Stephanie Siebert, ist systemische Beraterin (DGSF) und Coach. Sie gibt einen Impuls über innere Ruhe, Werte und Vertrauen in bewegten Zeiten. Anschließend ist Zeit für eine Diskussion über Hannas
feministische Dimensionen, über Gelassenheit und innere Anker.

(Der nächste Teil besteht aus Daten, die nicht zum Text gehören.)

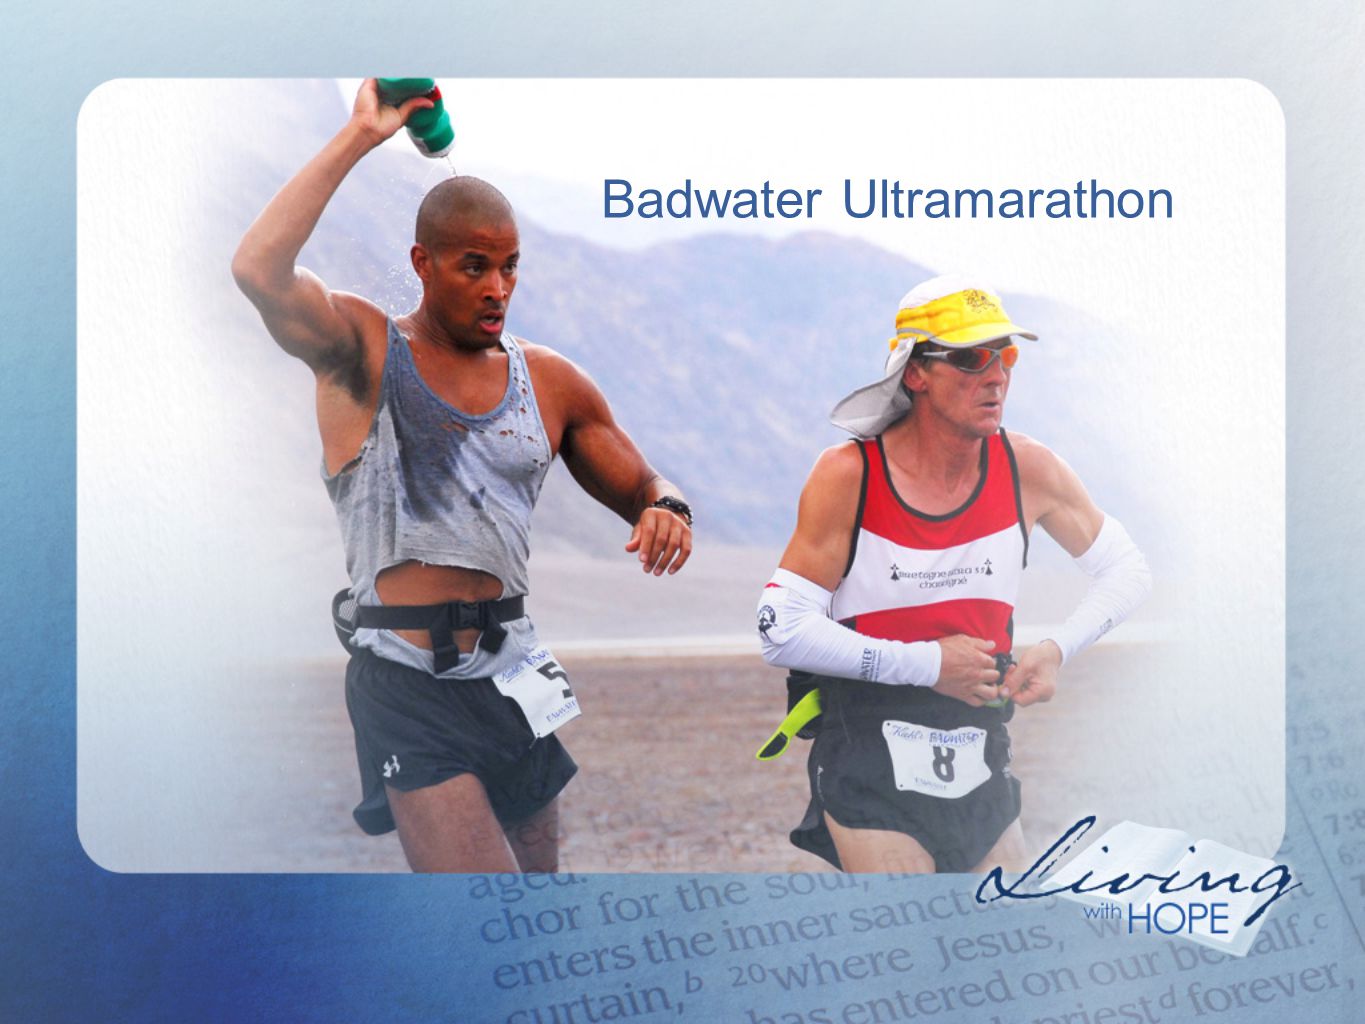 Badwater Ultramarathon

Donnerstag, 23. April - „Für Sorge – Wie Equal Care gelingen kann“
Zu Gast: Jo Lücke
Warum übernehmen viele Frauen mehr Sorgearbeit – sichtbar und unsichtbar? In „Für Sorge“ zeigt Jo Lücke, wie Wissen, Selbstwert und moralische Verantwortung zusammenwirken und Ungleichheit im Alltag festschreiben. Sie macht deutlich, welche Rollenbilder und Erwartungen wirken und welche Veränderungen von allen Seiten nötig sind, damit Care-Arbeit sichtbar, wertgeschätzt und gerecht verteilt wird.
Jo Lücke ist Politikwissenschaftlerin und Volkswirtin. Sie gründete die Liga für unbezahlte Arbeit als politische Interessensvertretung der Care-Arbeitenden.

Dienstag, 5. Mai - „Witches, Bitches, It-Girls. Wie patriachale Mythen uns bis heute prägen“ 
Zu Gast: Rebekka Endler
Warum werden in Krimis immer nur weiße, junge cis-Frauen gerettet? Wer hat Sarah aus ihrer Geschichte gestrichen? Kann es rechten Feminismus geben? Und warum verschwinden weibliche Leistungsträger*innen aus dem Kulturellen Gedächtnis?
Rebekka Endler ist Autorin, Journalistin und Podcasterin. In diesem EINFACH: feministisch zeigt sie auf, wie Frauen vom Patriachat gegeneinander ausgespielt werden und welche Denkmuster hinter den Frauenbildern Witch, Bitch & It-Girl (Hexe, Hure und Gesellschaftsliebling) stecken. Anschließend ist Zeit für Diskussionen.
EINFACH: feministisch

Dienstag, 2. Juni - „Stärker als Wut“
Zu Gast: Stefanie Lohaus

»Was mich motiviert hat, mein Leben dem Kampf gegen (…) strukturelle Diskriminierung zu widmen, ist, etwas Konstruktives aus der Wut zu schaffen.«, sagt Lohaus. In Stärker als Wut zeichnet sie feministische Debatten durch die Jahrzehnte nach, plädiert für eine feministische Erinnerungskultur und wirft einen Blick in die Zukunft. Zwei Jahre nach Erscheinen ihres Buches, diskutieren wir in diesem
EINFACH: feministisch über Optimismus und Roll-Back, Erfolge und Utopien.
Die Journalistin Stefanie Lohaus ist Teil des Leitungsteams der Europäischen Akademie für Frauen in Politik und Wirtschaft (EAF Berlin) und Mitbegründerin des Missy Magazins.